> [MATERIAL PROVIDED]
= = = = = = =
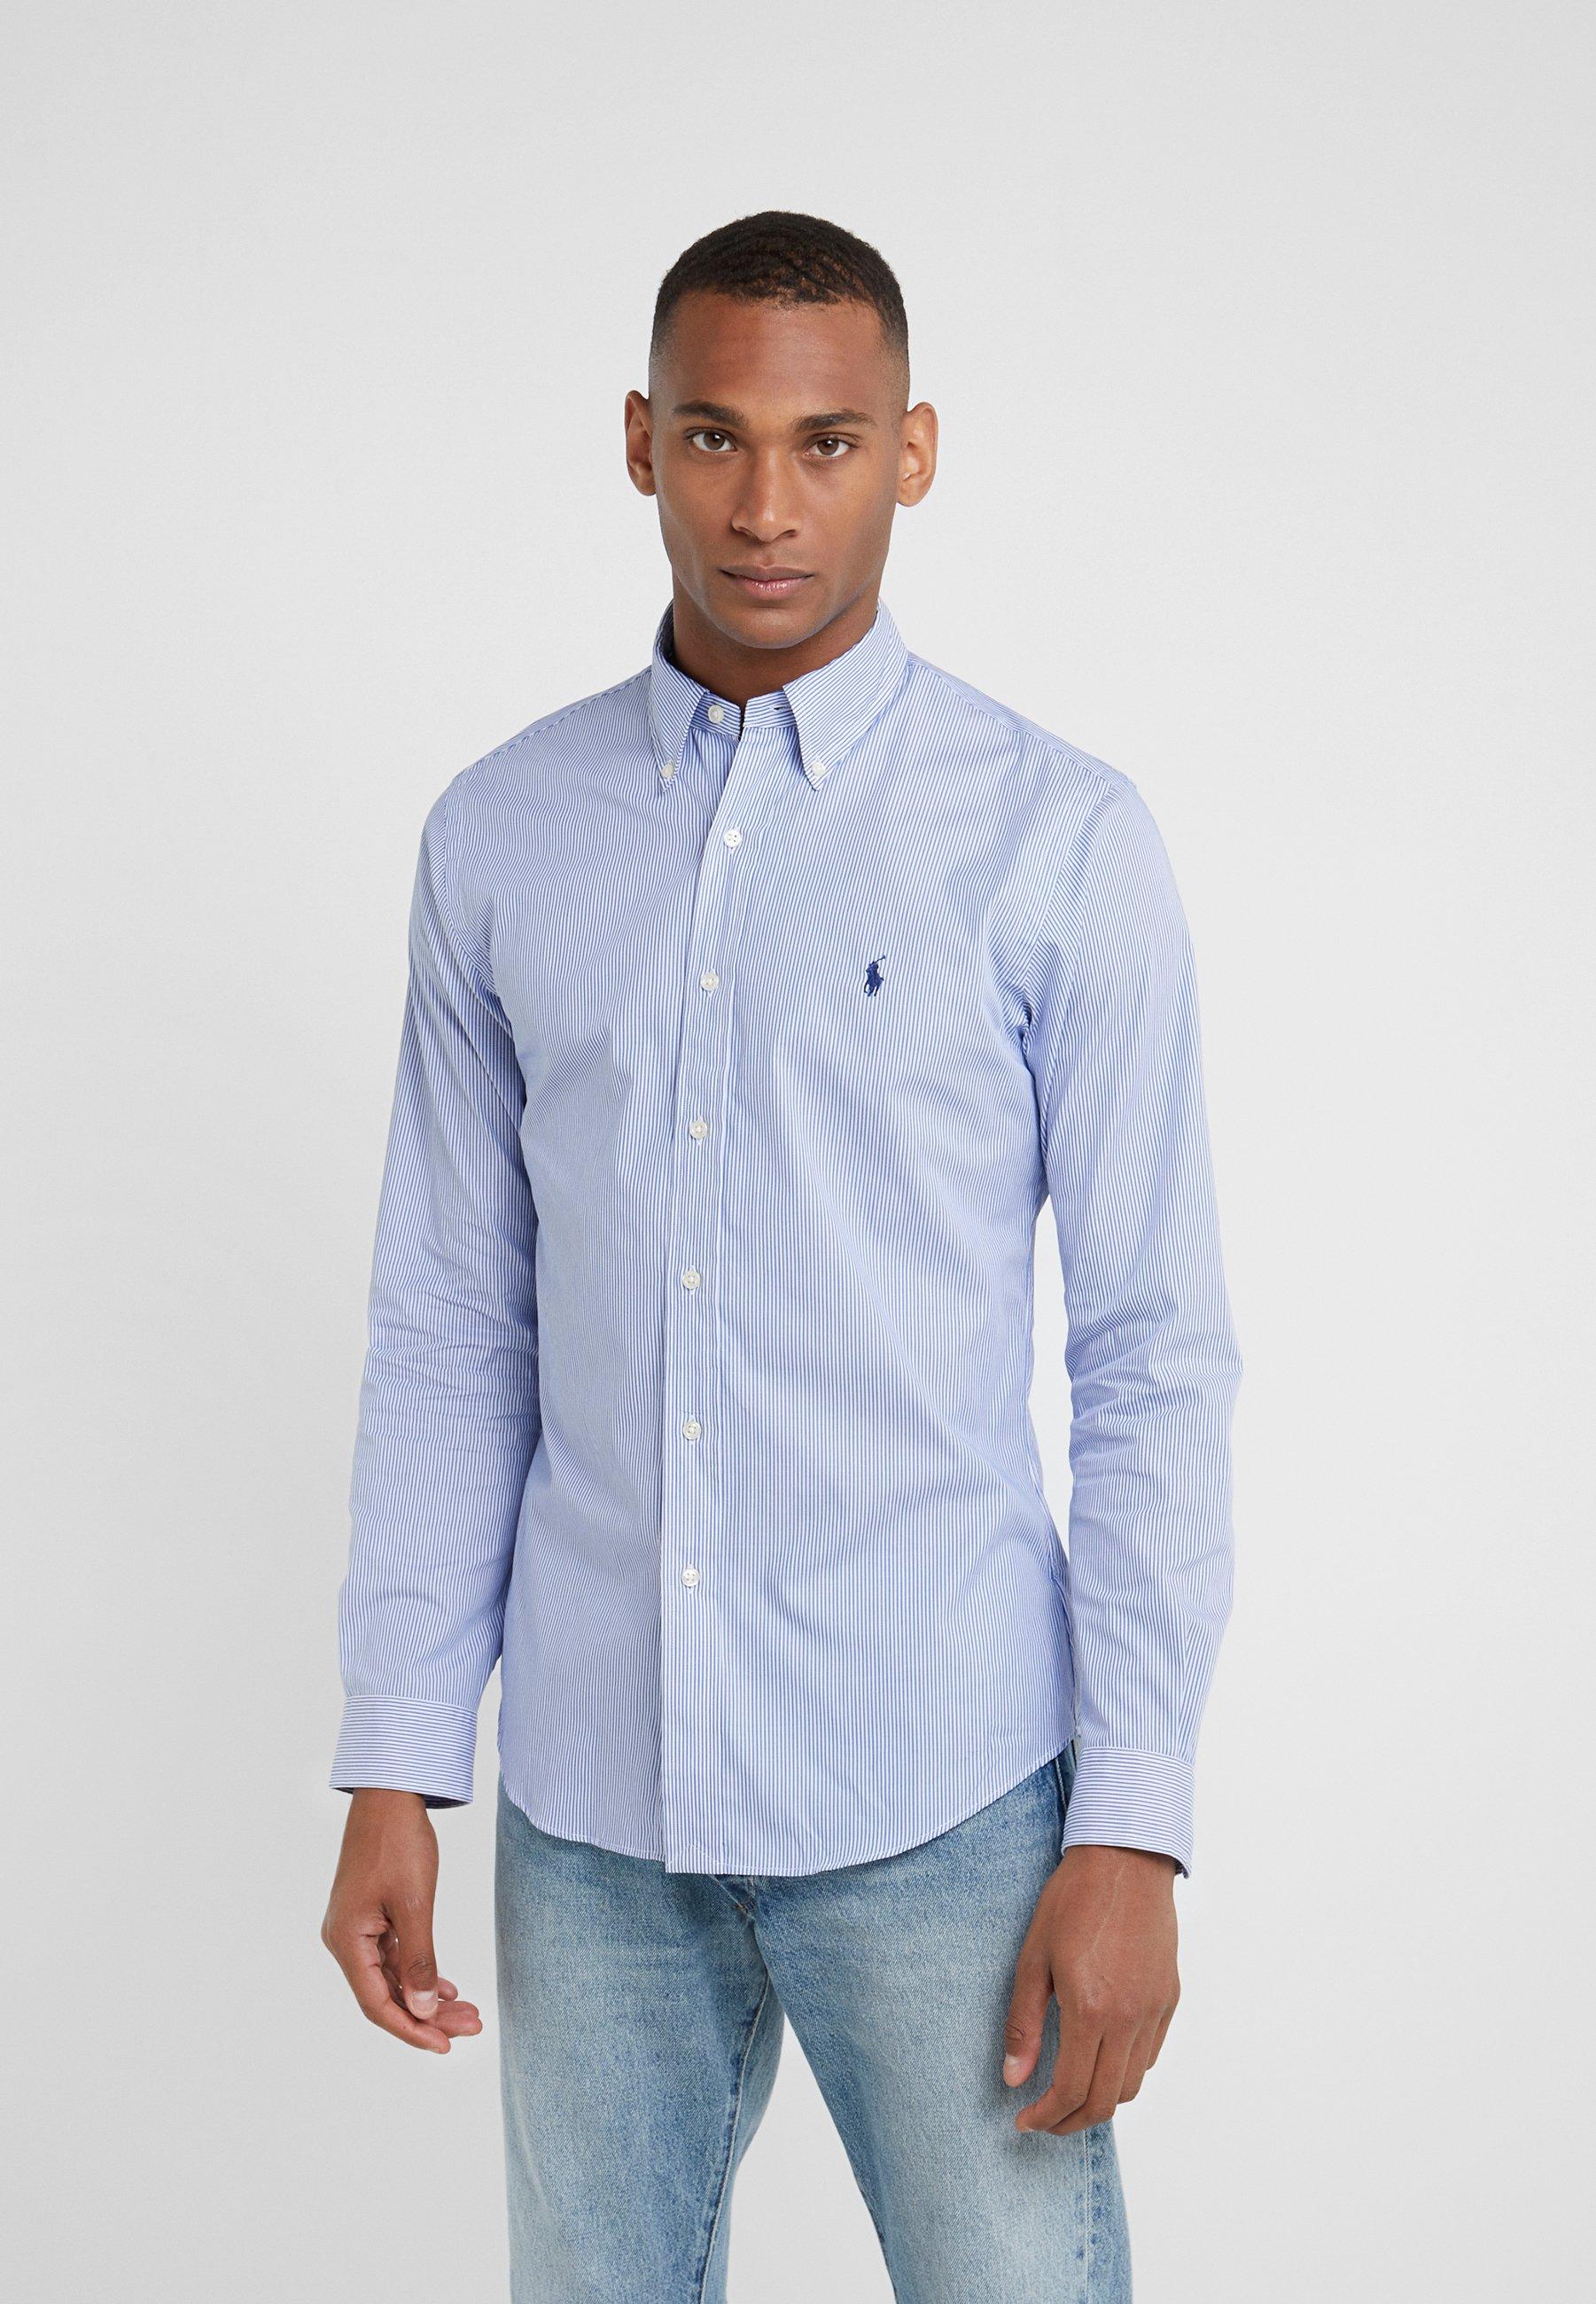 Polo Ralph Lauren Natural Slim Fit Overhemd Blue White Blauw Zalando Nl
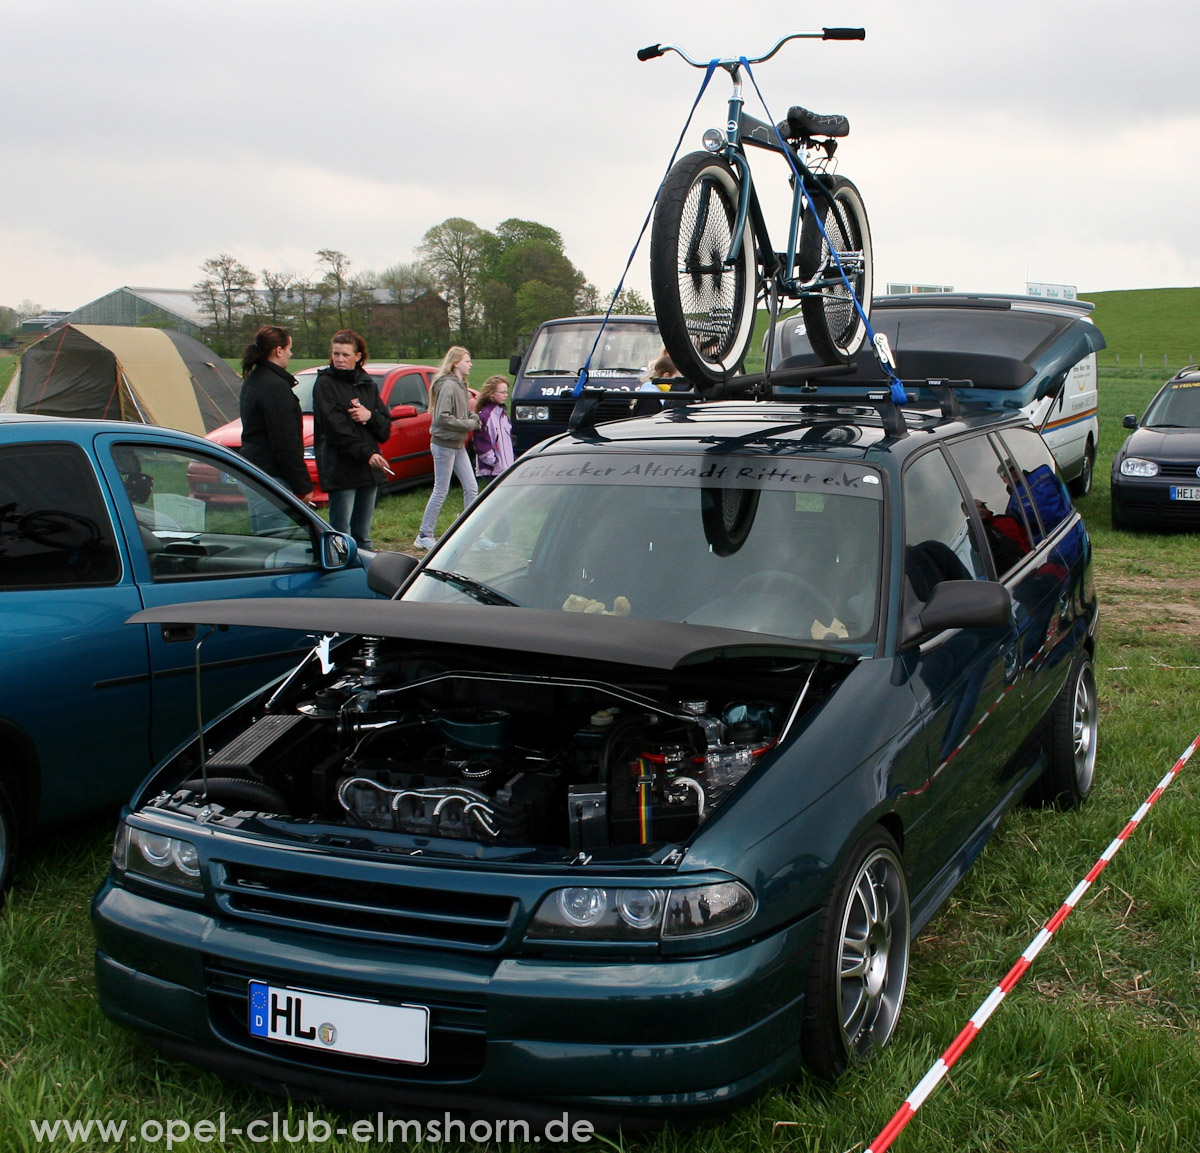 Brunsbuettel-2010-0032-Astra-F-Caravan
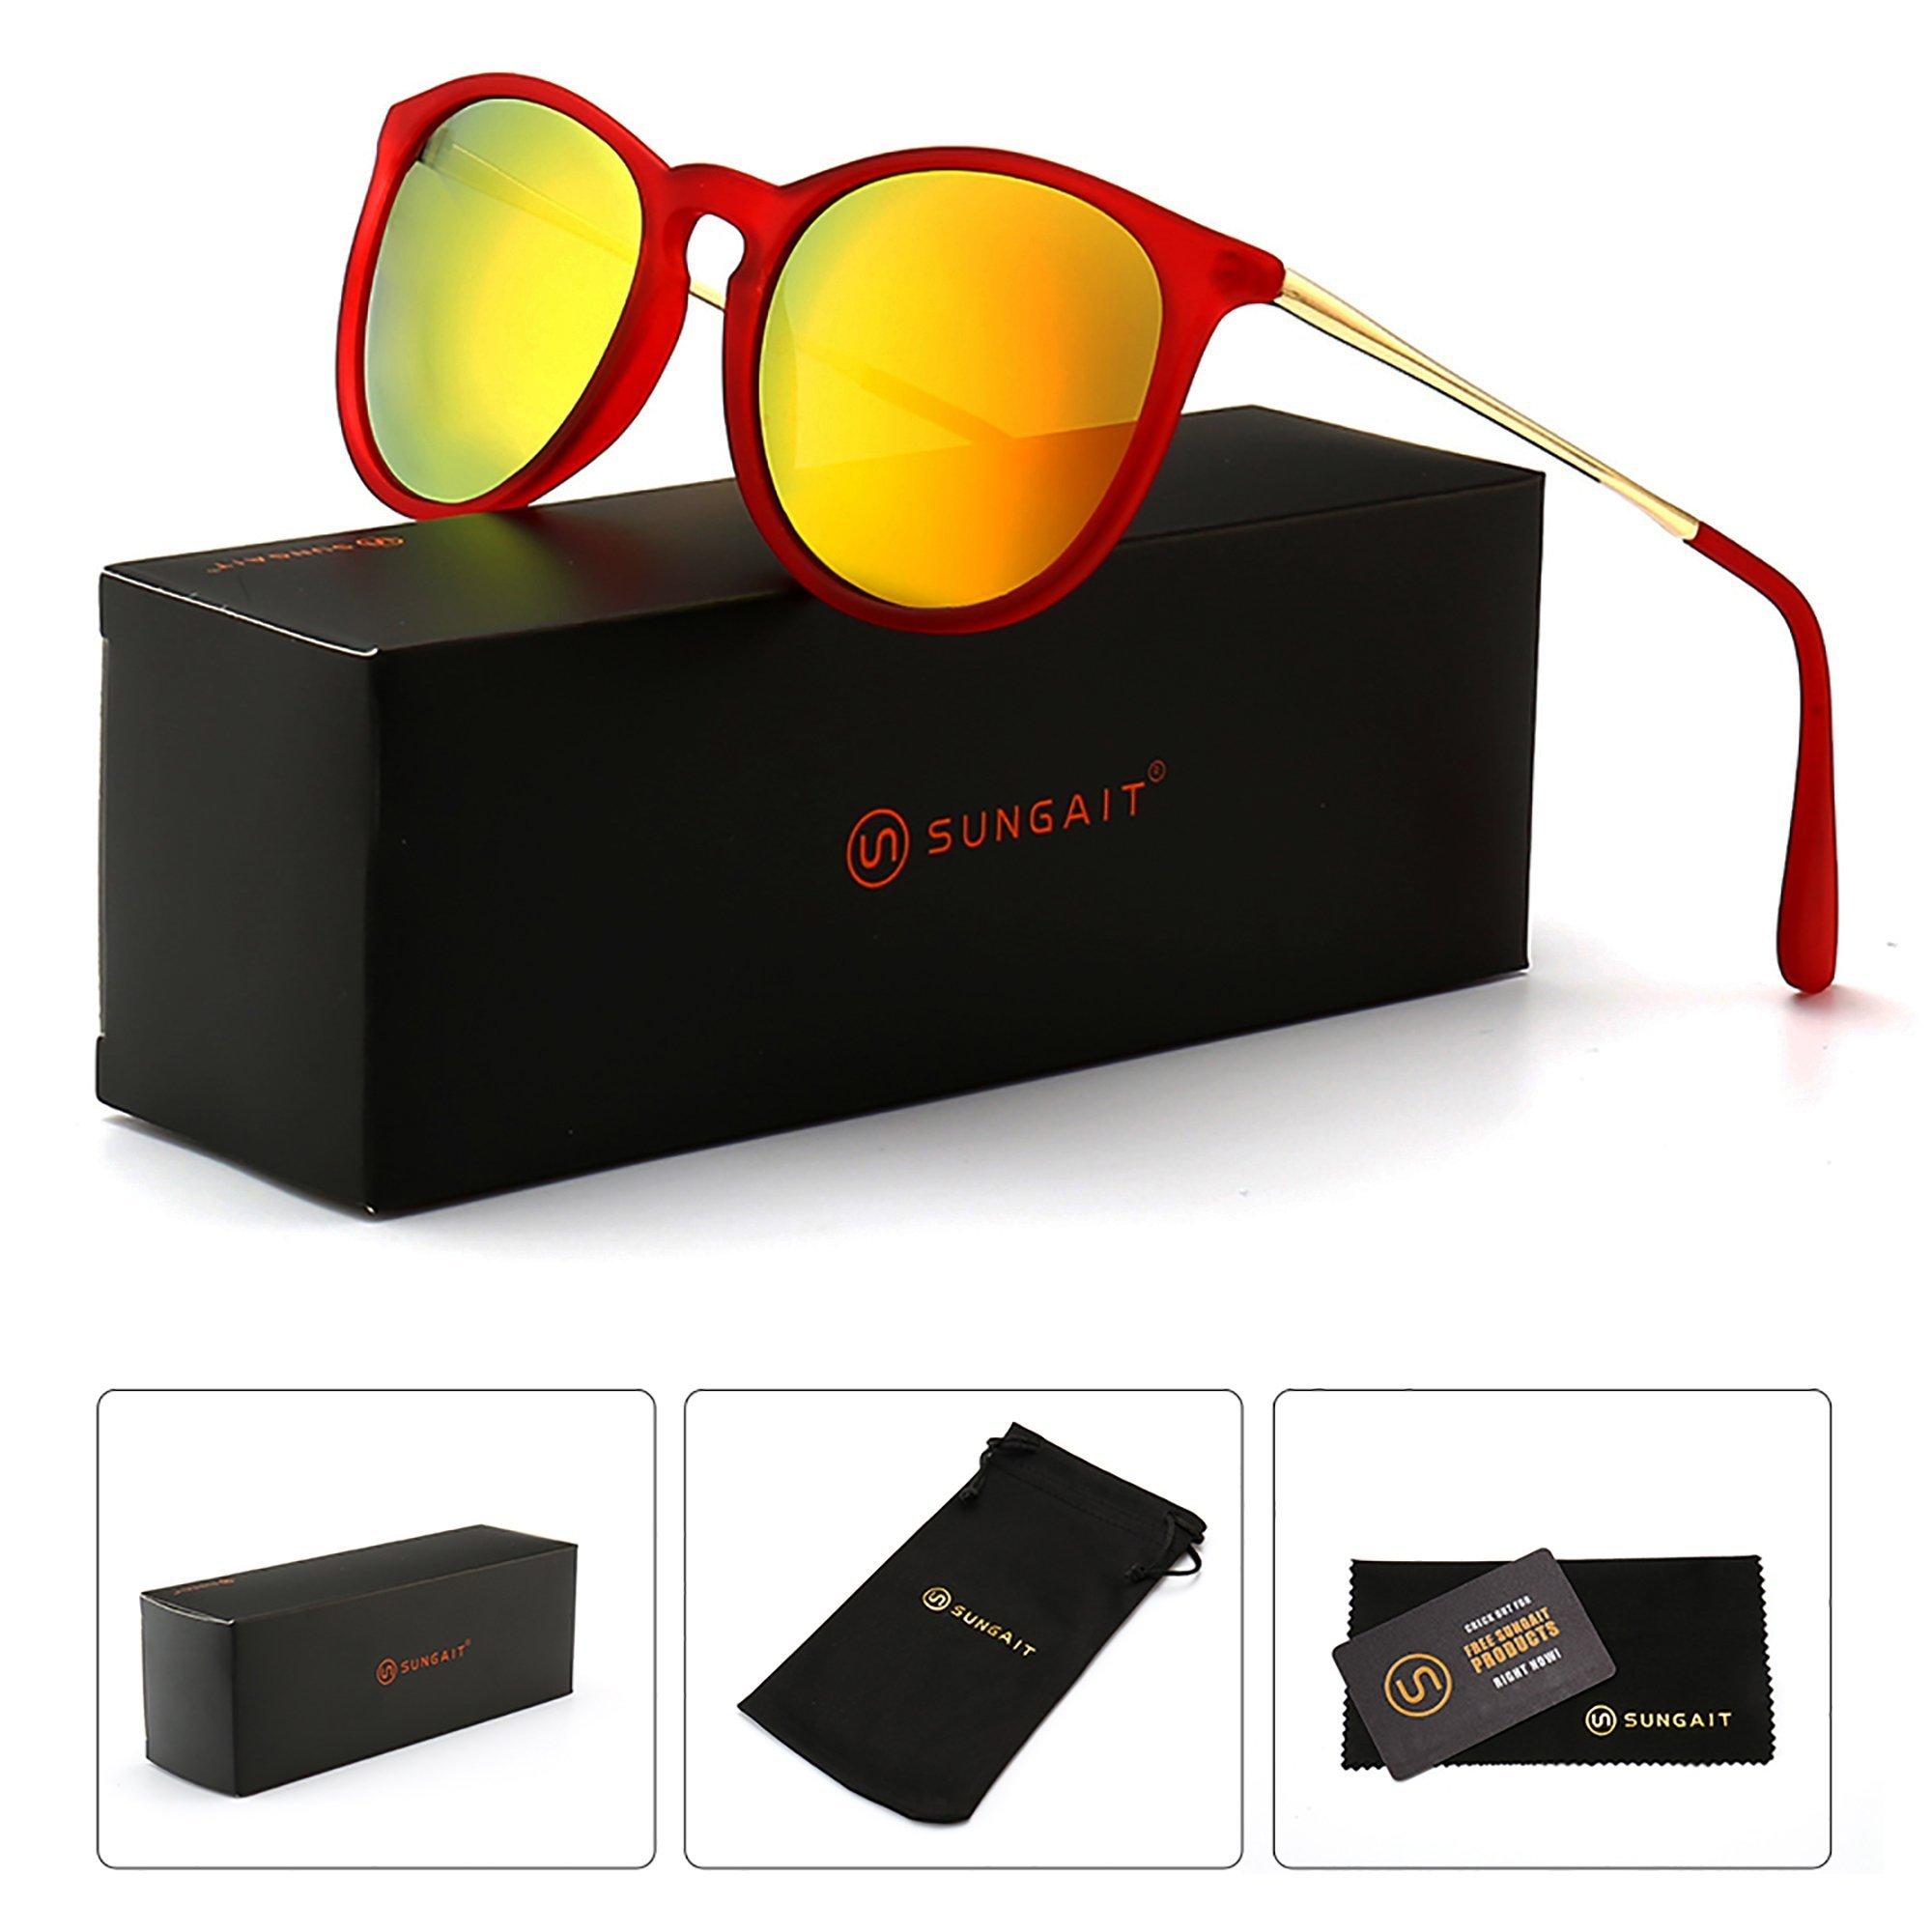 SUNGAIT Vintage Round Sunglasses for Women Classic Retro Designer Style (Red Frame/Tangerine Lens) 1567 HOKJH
= = = = = = =
Repeat the material exactly as it reads, without any of its pictures.

> [TASK RESULT]
 Polo Ralph Lauren Natural Slim Fit Overhemd Blue White Blauw Zalando Nl
 Brunsbuettel-2010-0032-Astra-F-Caravan
 SUNGAIT Vintage Round Sunglasses for Women Classic Retro Designer Style (Red Frame/Tangerine Lens) 1567 HOKJH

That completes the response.